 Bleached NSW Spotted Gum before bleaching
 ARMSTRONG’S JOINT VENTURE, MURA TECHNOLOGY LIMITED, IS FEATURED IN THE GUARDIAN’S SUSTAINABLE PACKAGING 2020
* * *
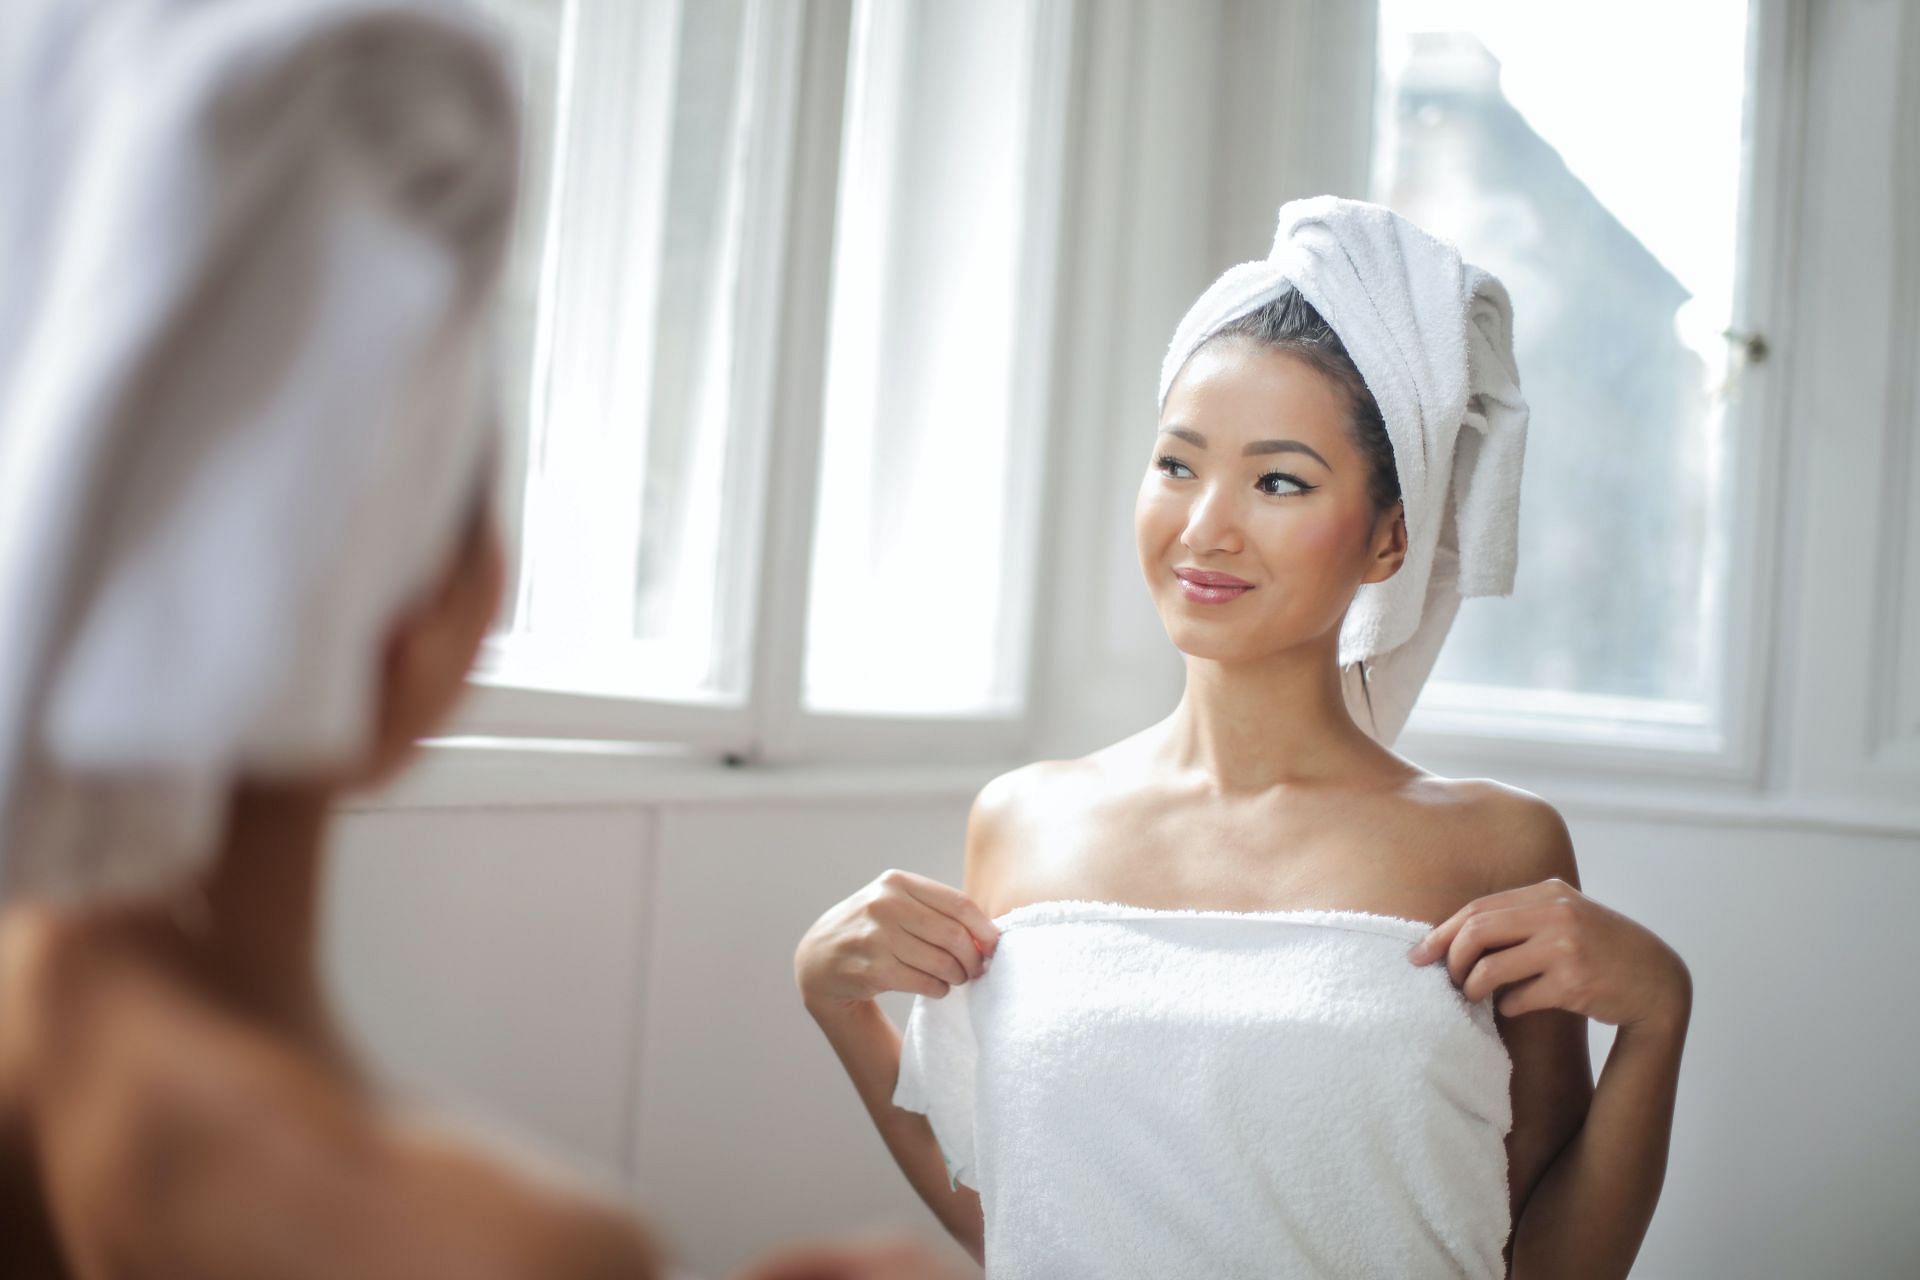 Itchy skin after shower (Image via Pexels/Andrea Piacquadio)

EXERCISE PROMPT: Considering only the material above, set down every line from the one with "Bleached NSW Spotted Gum before bleaching" to the one with "ARMSTRONG’S JOINT VENTURE, MURA", inclusive, exactly as written.

FINISHED EXERCISE:
 Bleached NSW Spotted Gum before bleaching
 ARMSTRONG’S JOINT VENTURE, MURA TECHNOLOGY LIMITED, IS FEATURED IN THE GUARDIAN’S SUSTAINABLE PACKAGING 2020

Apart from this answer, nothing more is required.